While at Henschel, Wagner began to study remotely controlled aircraft. In July 1940 he began work on a prototype glide bomb that could be used to attack thinly armored warships and merchant ships. This ultimately evolved into the Hs 293 guided missile, used with considerable effectiveness in late 1943 and early 1944. Several notable successes were achieved, including the first sinking of a ship by a remotely controlled weapon, the destruction of HMS Egret on 27 August 1943. Another notable success for the Hs 293 was the sinking of the transport HMT Rohna with the loss of over 1000 soldiers, sailors and crewmen.

However, the Allies developed several electronic countermeasures against the Hs 293 and other radio guided weapons, such as electronic jammers. Those and the increasing Allied air superiority prevented the Hs 293 from having any significant impact in the later war years.

He also designed the Henschel Hs 117 Schmetterling surface-to-air guided missile.

==Post-war activities==
After the war, Wagner was the first of many German scientists brought to America as part of Operation Paperclip, arriving at Frederick, Maryland on 18 May 1945 with seven large cases of blueprints and other technical data.
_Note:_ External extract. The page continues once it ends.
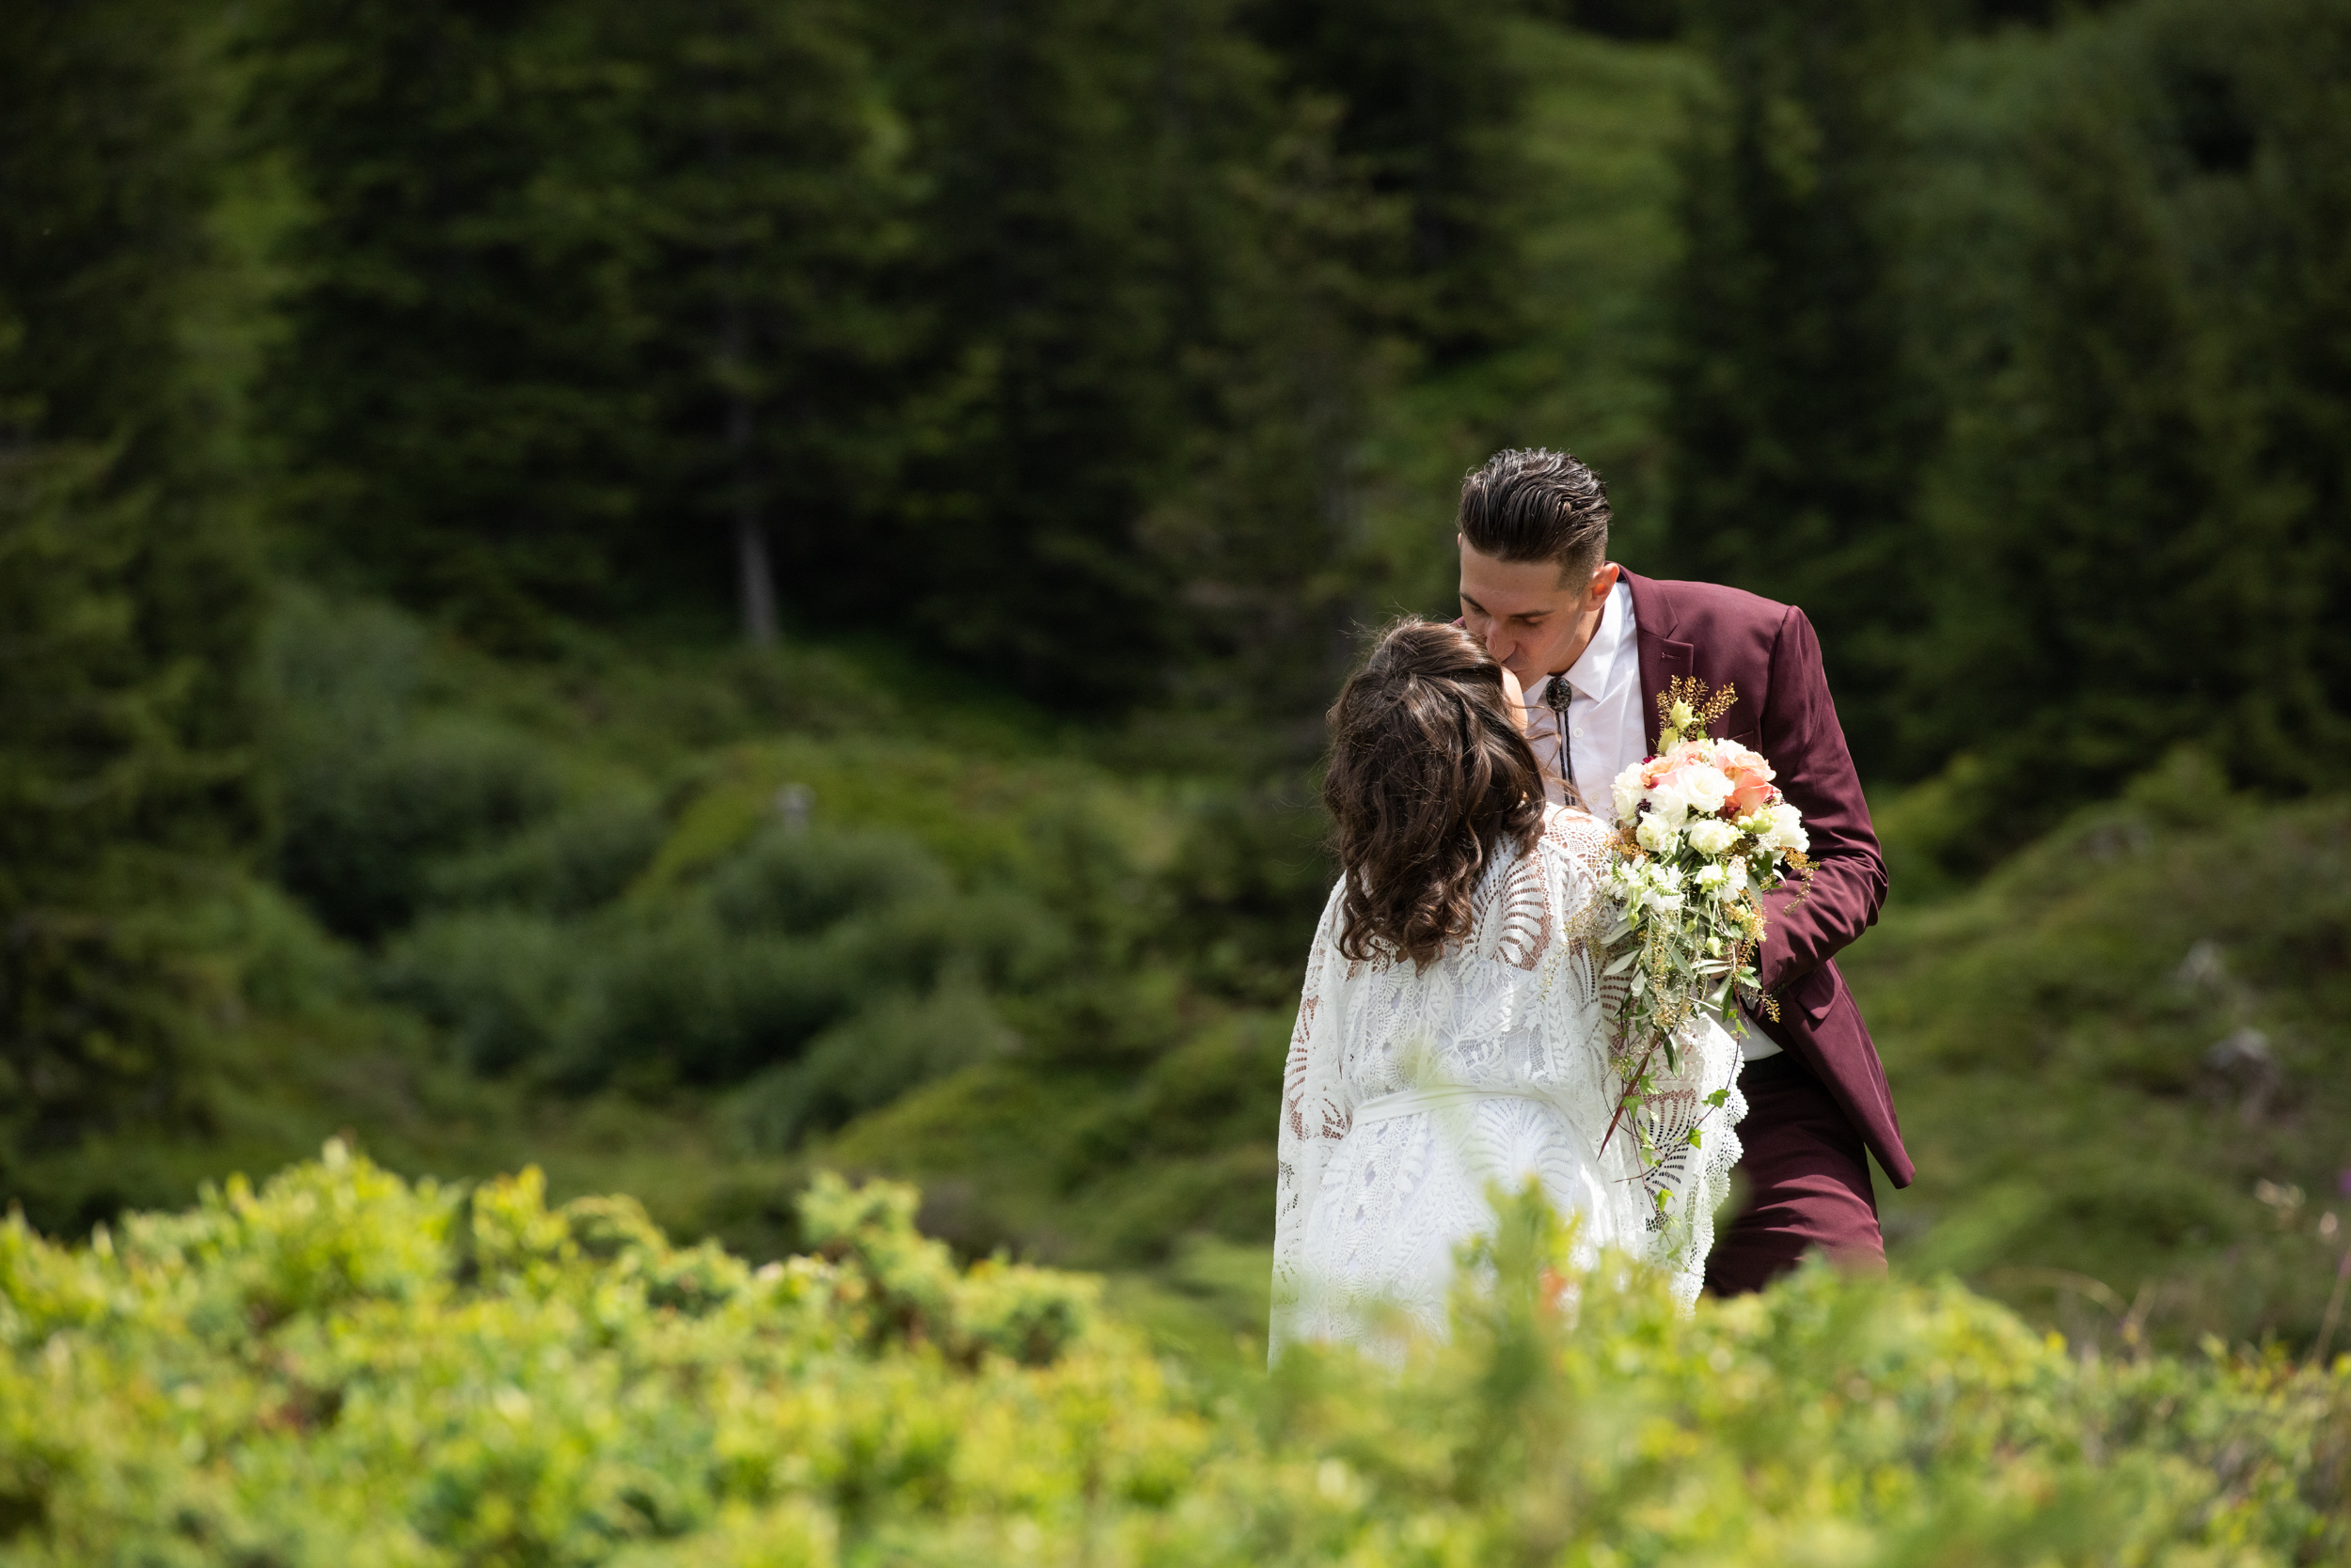 intimate location to elope in Switzerland

Wagner and his team were moved to the Special Devices Center, a U.S.-Navy run research unit housed at the Castle Gould and Hempstead House, the former estate of Daniel and Florence Guggenheim at Sands Point, Long Island. There he supported U.S. efforts to deploy glide bombs against Japan.

Wagner then moved to the new Naval Air Missile Test Center in Point Mugu, California, the centerpiece of the U.S. Navy's research into guided missiles. There he helped develop the control mechanisms for advanced missiles, several of which remain (in upgraded forms) in service today. A formerly classified FBI counterintelligence report describes his approach to his work:

An excellent German scientist of good character and who is not interested in politics... He has given no evidence of being either pro-Nazi or pro-Communist and is disinterested politically... Once belonged to the German SS for a four week’s instruction course but dropped out of same on his own volition... Is an opportunist who is interested only in science and does not subscribe to any political ideology... Since the death of his wife, Wagner has been drinking considerably but is not a drunkard.

Wagner left US government service and formed his own technical consulting firm, HA Wagner Company. He sold this company to Curtiss-Wright in 1957 and returned to Germany to take up a position as professor of Technical Mechanics and Space Technology at the RWTH Aachen University. He continued to serve as technical advisor to several U.S. defense companies during this period. Wagner was awarded the Ludwig-Prandtl-Ring from the Deutsche Gesellschaft für Luft- und Raumfahrt (German Society for Aeronautics and Astronautics) for "outstanding contribution in the field of aerospace engineering" in 1980. He died aged 82 on 28 May 1982 in Newport Beach, California.